The day labor jobs have included planting trees in Hollywood and helping the Los Angeles Conservation Corps' recycling efforts. The corps hired 15 Project Step youths after the January earthquake to work 12-hour days cleaning up Hollywood and helping residents move out of their homes.

Last July, Project Step began trying to try to find longer-term jobs for the youths.

After working for four months in day-labor jobs, those youths whose lives have become more stable move on to a six-month training program at one of six companies participating in the project.
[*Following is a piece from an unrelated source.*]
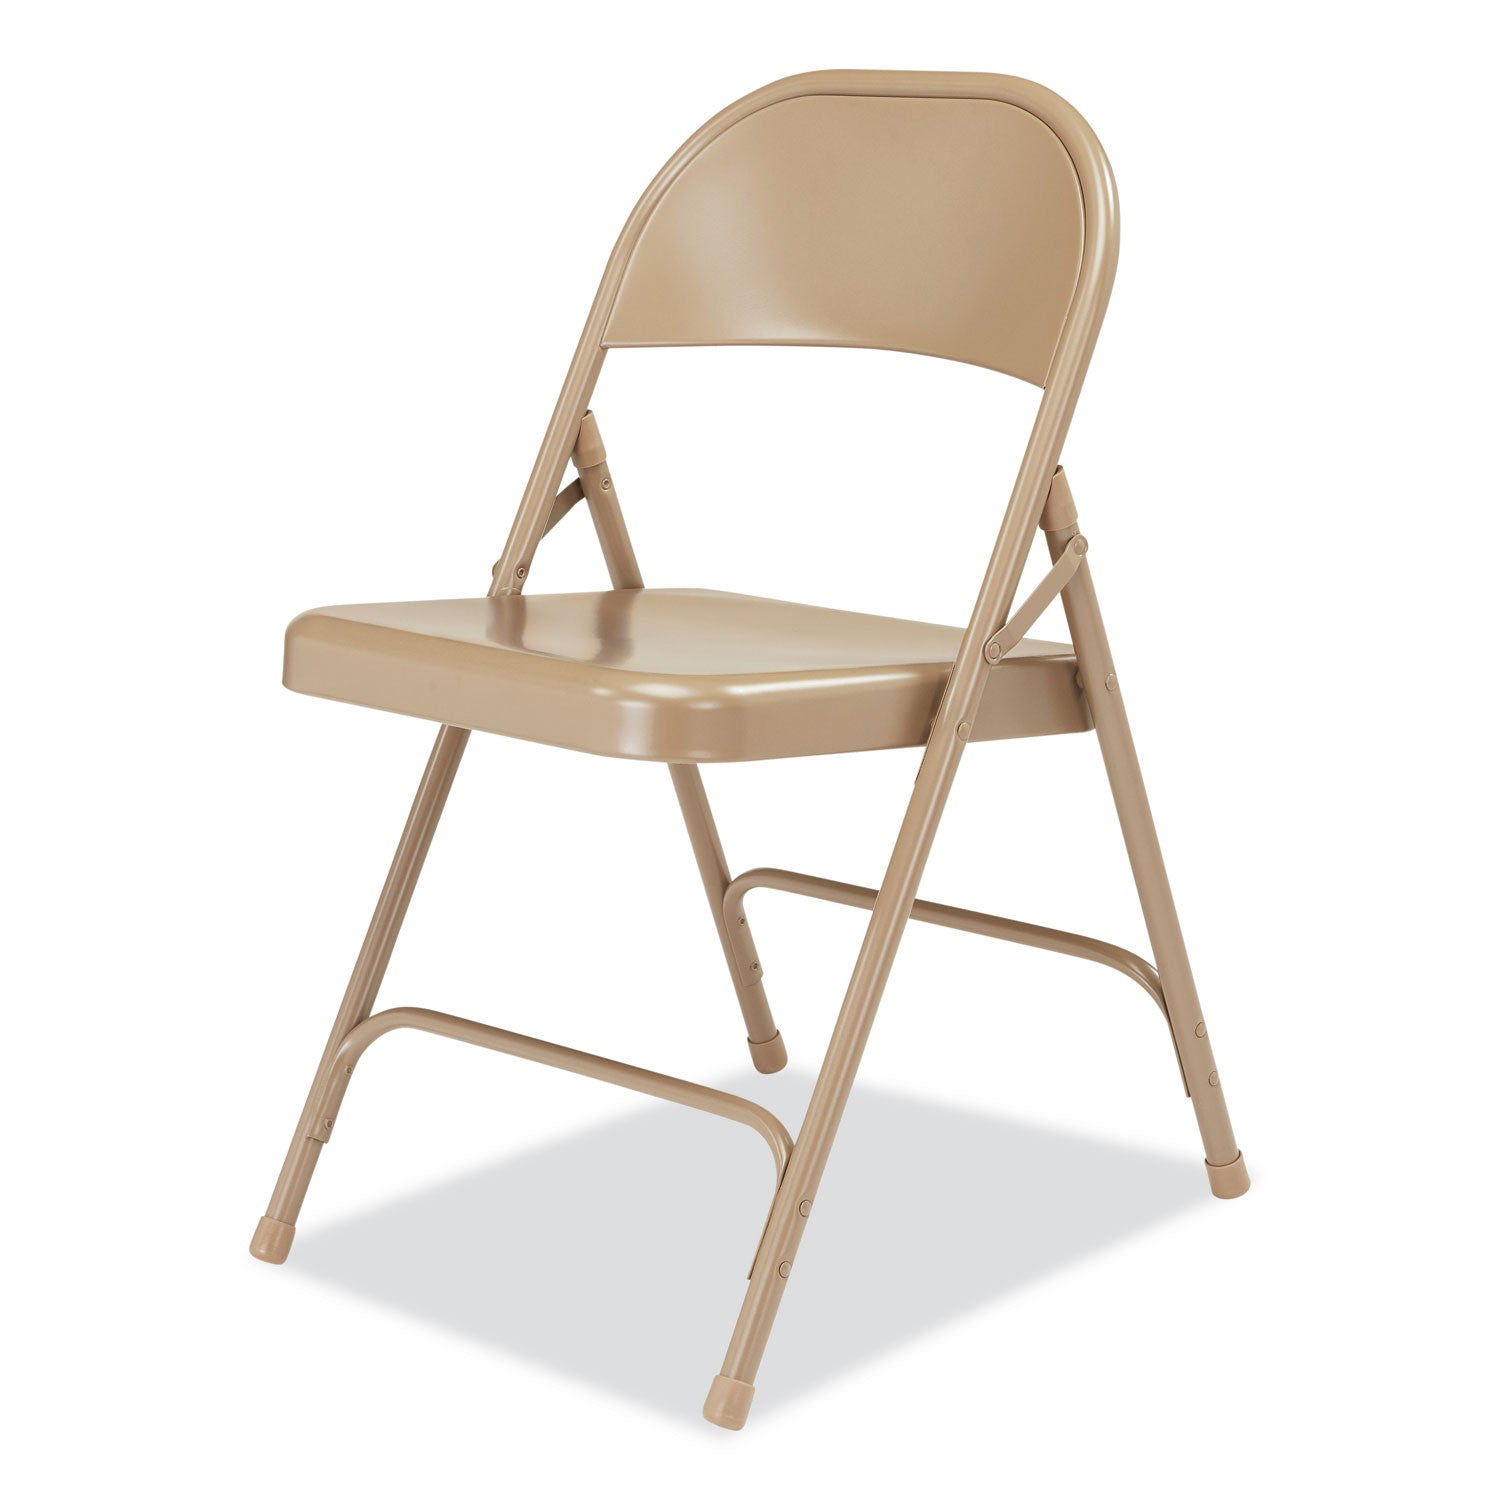 50-series-all-steel-folding-chair-supports-500-lb-1675-seat-ht-beige-seat-back-beige-base-4-ct-ships-in-1-3-bus-days_nps51 - 3

The youths working day labor jobs are paid the minimum wage; those working in the six-month training programs can make more money depending upon the kind of job and their work performance. The L.A. Free Clinic pays the employee's wages and Social Security taxes and also provides free medical care.
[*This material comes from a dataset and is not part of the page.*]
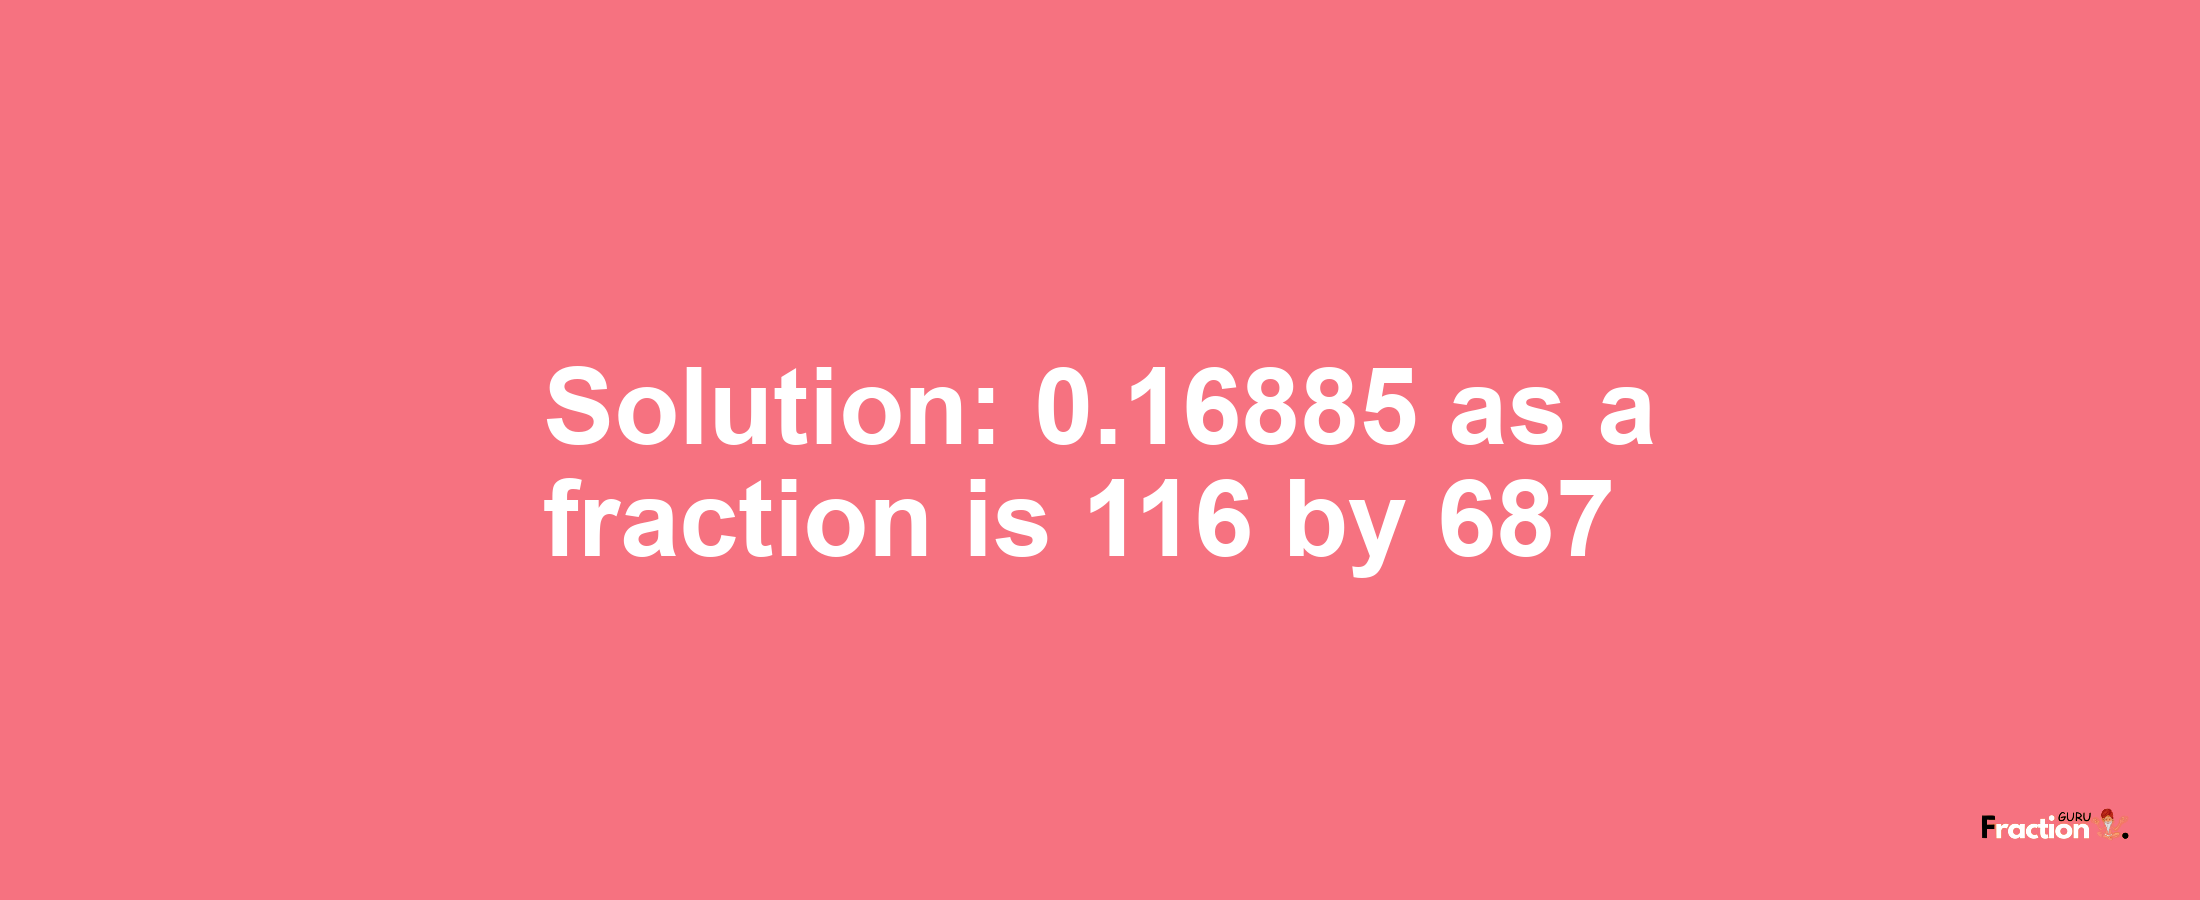 Solution:0.16885 as a fraction is 116/687

Universal Nissan of North Hollywood last July became the first of six companies to agree to hire workers full time after the youths complete the six-month training phase.

Youths are often living in troubled households, close to running away, Knight said. Most Project Step workers, moreover, have few jobs skills or little experience and have not completed high school, Knight added.

Knight, who has worked for the federal Job Training Partnership Act in Los Angeles, said Project Step seeks to help the youths who he believes have fallen through the cracks of government programs.

"The problem was that we (at JTPA) were finding jobs for the more skilled workers, and the kids who were homeless that needed the jobs were falling through the cracks," Knight said. "These kids have day-to-day survival needs and they don't have the time to wait two to three weeks or months for work. They'll have to resort to illegal activities if necessary."

Such was the case with Chris DeCaprio, 19, who, before joining Project Step was caught up in a world of drugs and survival sex. DeCaprio says he left his Eureka home six months ago after his alcoholic stepfather knocked out his front tooth.

When DeCaprio got off the bus at Hollywood and Vine, he called the 9-Line, a national referral agency for runaway youths, which referred him to Covenant House, a shelter for homeless teens.

DeCaprio left Covenant House after a disagreement with officials there and spent several weeks on the street before moving into another youth shelter. In between shelters and before working for Project Step, DeCaprio says he sometimes bartered sex for a place to sleep.

For four months, DeCaprio has worked in Project Step's day labor program as a receptionist at the L.A. Free Clinic's Hollywood and Beverly boulevards offices.

Approximately 655 youths have worked for Project Step since its inception. Since July, when Project Step changed its focus from temporary to long-term employment, 15 young people have found such jobs.

Knight says far more youths must be placed in long-term jobs before Project Step can be called a success.

"Where we've been unsuccessful is when, after four months of the program, a lot of kids have to be let go because we're not able to find them a more permanent job," says Knight.

Aside from Universal Nissan, the six businesses include Stroock & Stroock & Levan, a Century City law firm; Silverstein and Schiffer, a Beverly Hills accounting firm; Dean Witter in Santa Monica; Audio Rents in Hollywood, and Who's on Third restaurant in Los Angeles. Many more are needed, Knight said.

Project Step, which has a paid staff of three and two volunteers, bills administrative costs to those companies that hire workers. Project Step also receives funding from the U.S. Department of Agriculture and other federal agencies as well as money from private donors.

Knight is seeking funding to start a business that would be owned and operated by Project Step to allow the youths to learn more advanced job skills. He is proposing either a restaurant or a moving company that will be operated by Project Step youth in all phases.

"We'd be able to have all different levels of jobs and we don't have that now," Knight said. "In the restaurant for example, they would start out as dishwashers, move up to cashier, then waiter, then supervisor, then payroll, thus teaching them all aspects of running a business."

Knight says he hopes to set up such a business within two years. In the meantime, he says, Project Step continues meeting the immediate needs of the troubled youths.